This intensifies my theory that some of the older OAI models are far more capable than advertised but in ways that are difficult to productize.
How unlikely is it that in training of these models you occasionally run into an arrangement of data & hyperparameters that dramatically exceeds the capabilities of others, even if the others have substantially more parameters & data to work with?
It could also be as simple as OAI experimenting on different datasets. Perhaps Chess games were included in some GPT-3.5 training runs in order to see if training on chess would improve other tasks. Perhaps afterwards it was determined that yes, LLMs can play chess - but no let's not spend time/compute on this.
Would be a shame, because chess is an excellent metric for testing logical thought and internal modeling. An LLM that can pick up and unique chess game half way through and play it ideally to completion is clearly doing more than "predicting the next token based on the previous one".

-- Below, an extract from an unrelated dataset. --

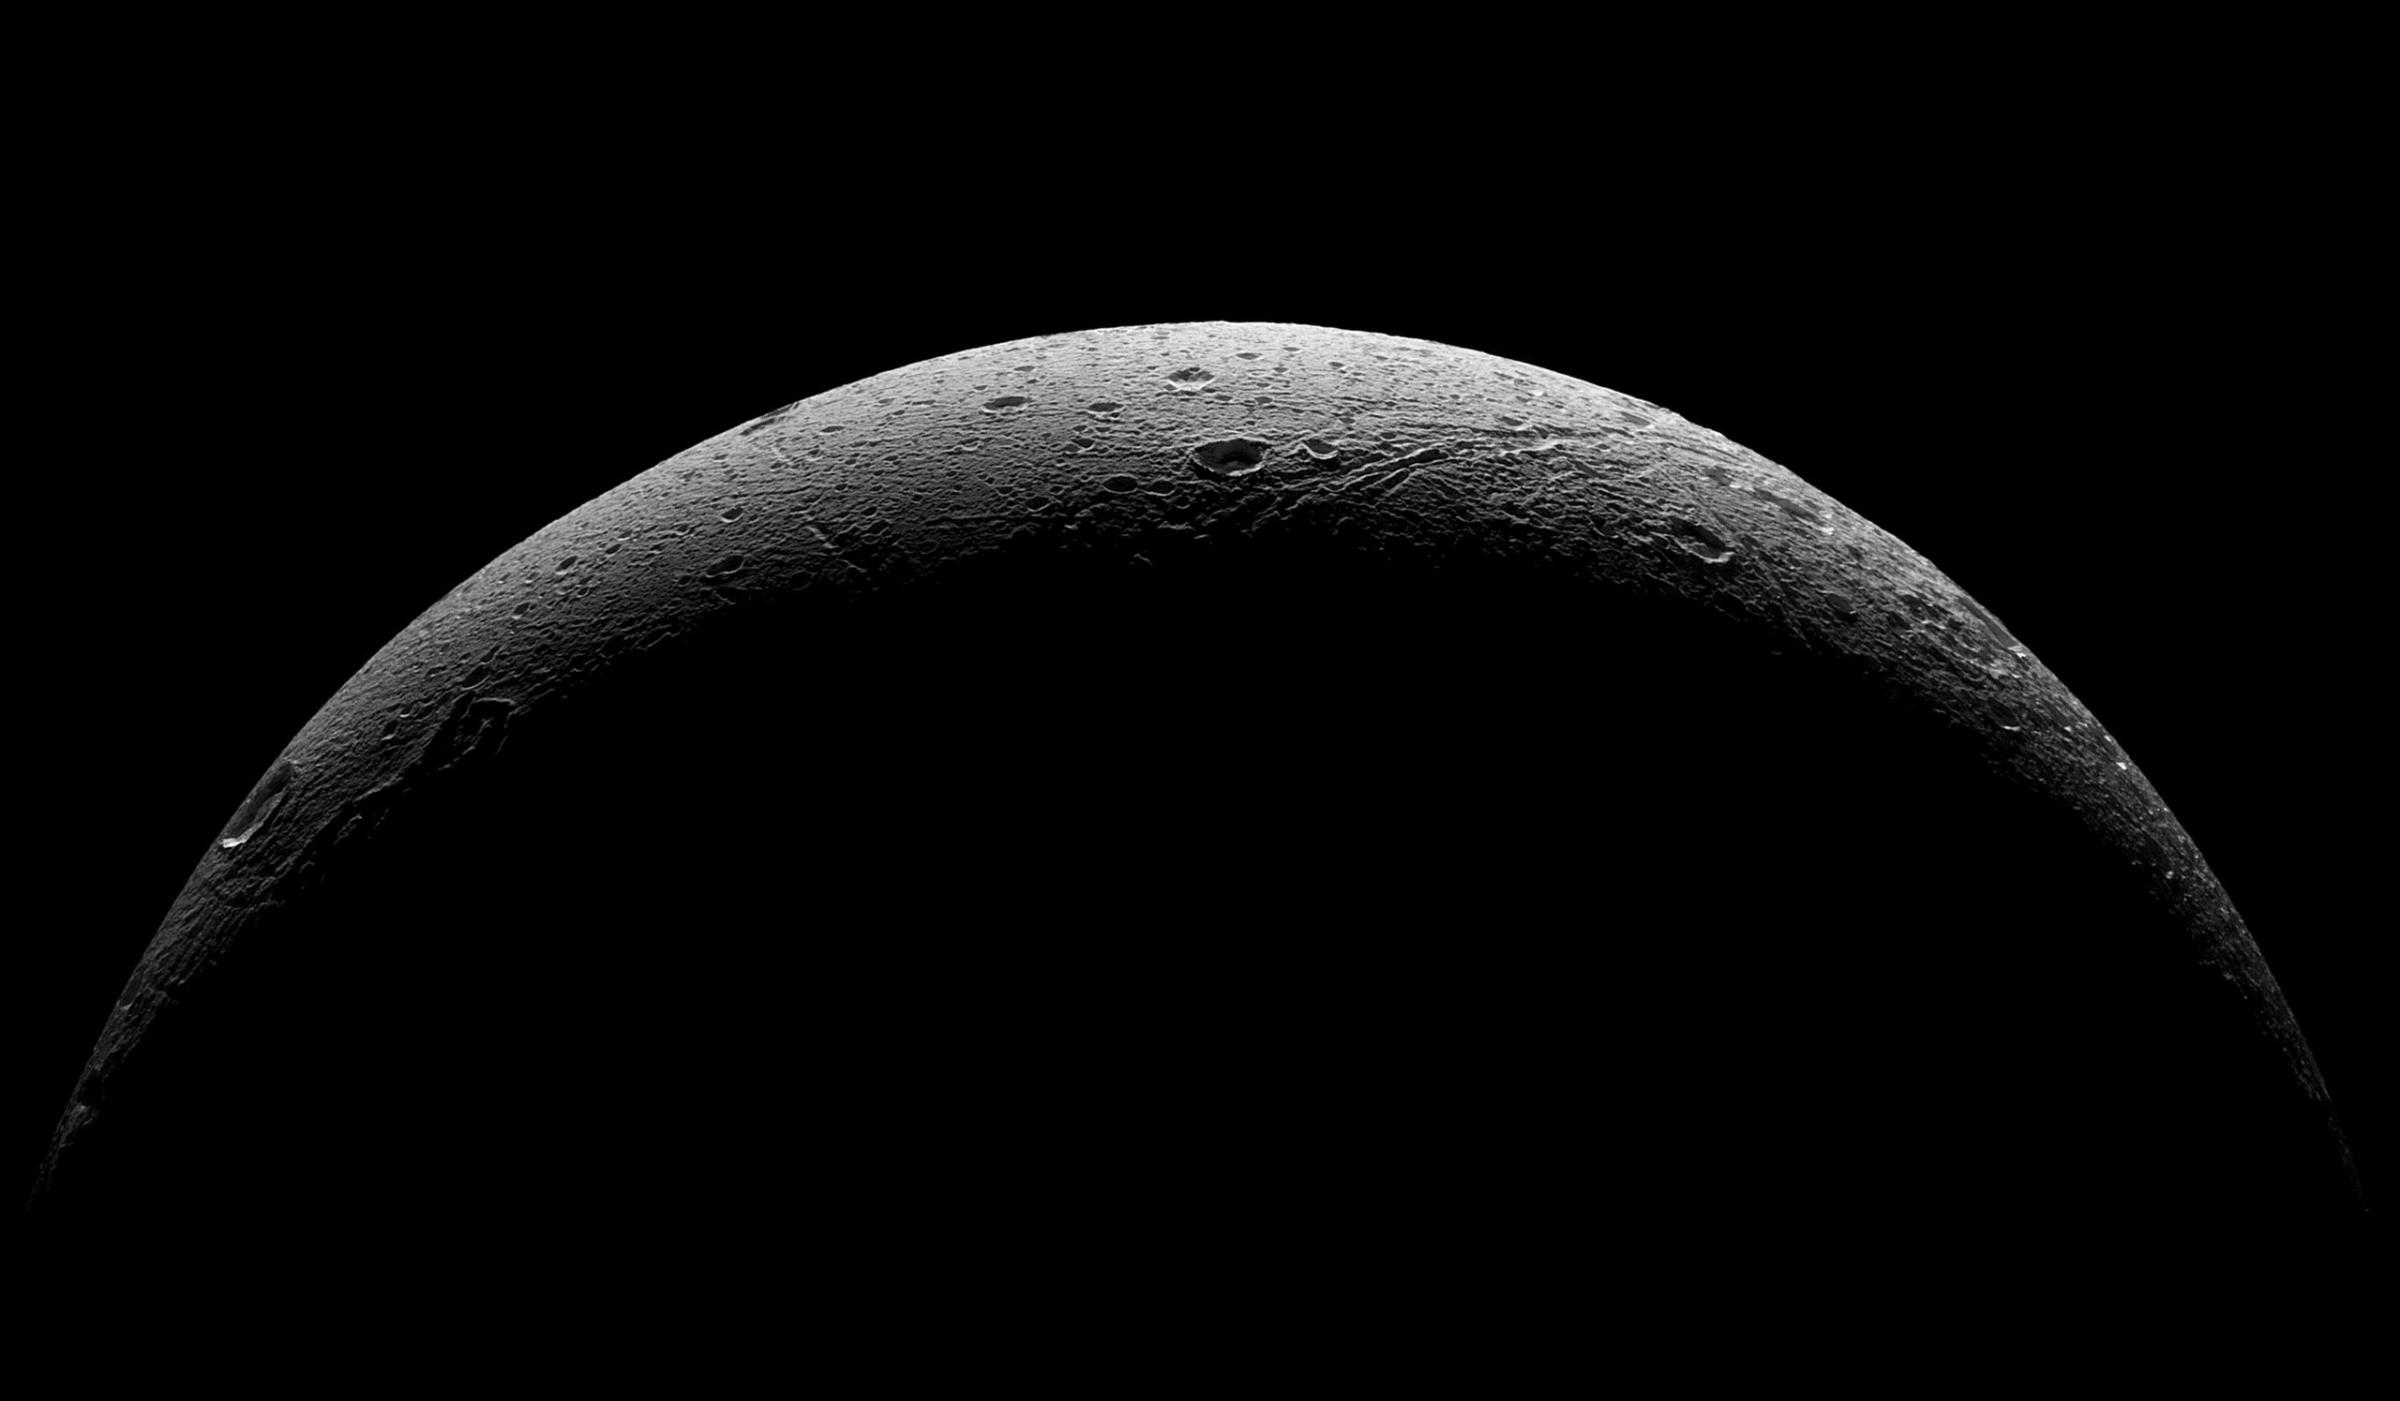 NASA's Cassini spacecraft captured this parting view showing the rough and icy crescent of Saturn's moon Dione following the spacecraft's last close flyby of the moon on Aug. 17, 2015. Five visible light, narrow-angle camera images were combined to create this mosaic view. The view was acquired at distances ranging from approximately 37,000 miles to 47,000 miles from Dione and at a sun-Dione-spacecraft angle of 145 degrees.

Clearly the performance of the "instruct" LLM is due to some odd bug or other issue. I do not believe that it is fundamentally better at chess than the others, even if it was specifically trained on far more chess data, which is unlikely. Lack of correlation is also not causation.
How unlikely is it that in training of these models you occasionally run into an arrangement of data & hyperparameters that dramatically exceeds the capabilities of others, even if the others have substantially more parameters & data to work with?